**THE TASK**
Among the lines below, take the one holding "mobdroapkmirror installmobdroapp mobdroapple", the one holding "Line 1617 pin", and all lines between them. Set them down exactly.

─── RECORDED INFORMATION ───

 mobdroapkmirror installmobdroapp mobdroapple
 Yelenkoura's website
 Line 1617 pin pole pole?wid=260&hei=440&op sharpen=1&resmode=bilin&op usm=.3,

───
─── RECORDED INFORMATION ───

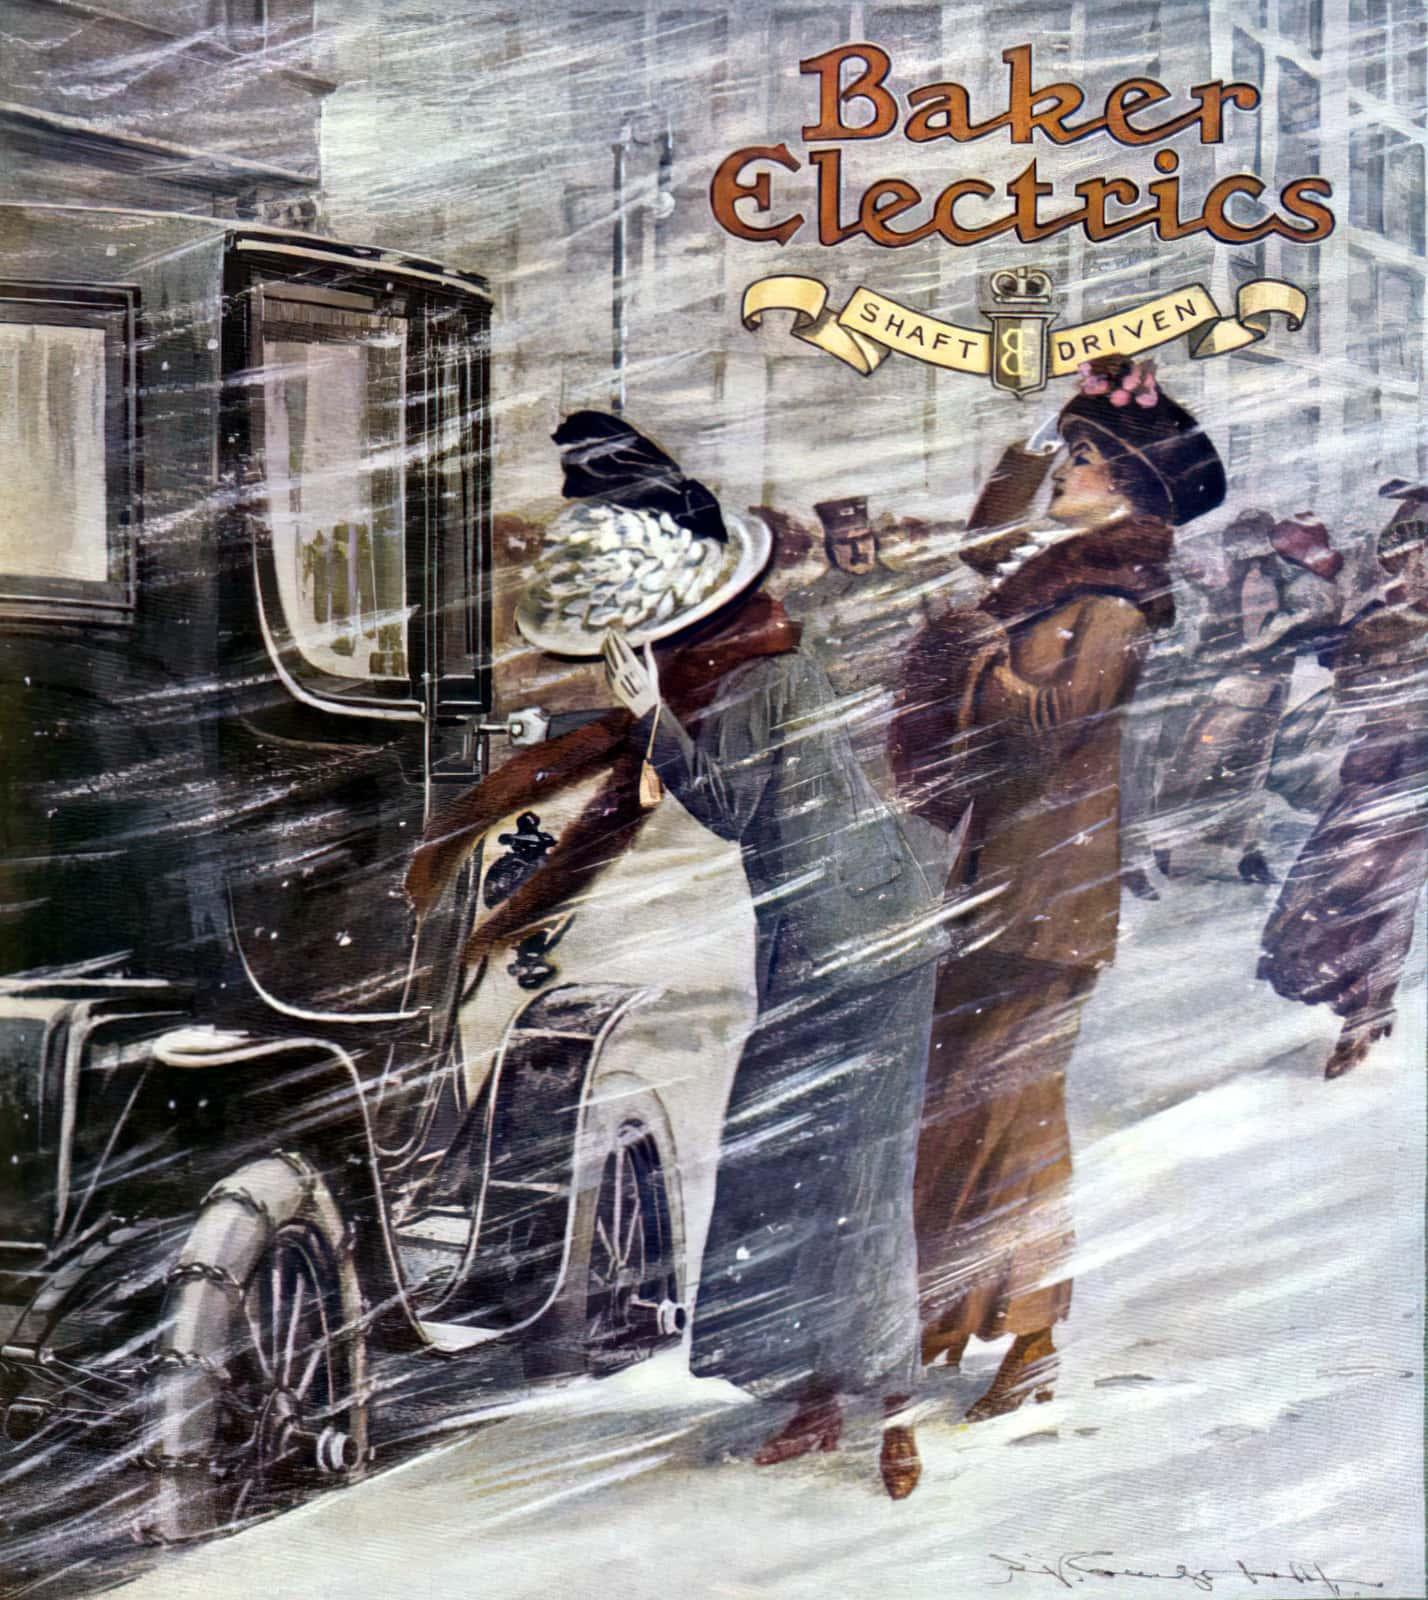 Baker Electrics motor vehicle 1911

───

**ANSWER BELOW**
 mobdroapkmirror installmobdroapp mobdroapple
 Yelenkoura's website
 Line 1617 pin pole pole?wid=260&hei=440&op sharpen=1&resmode=bilin&op usm=.3,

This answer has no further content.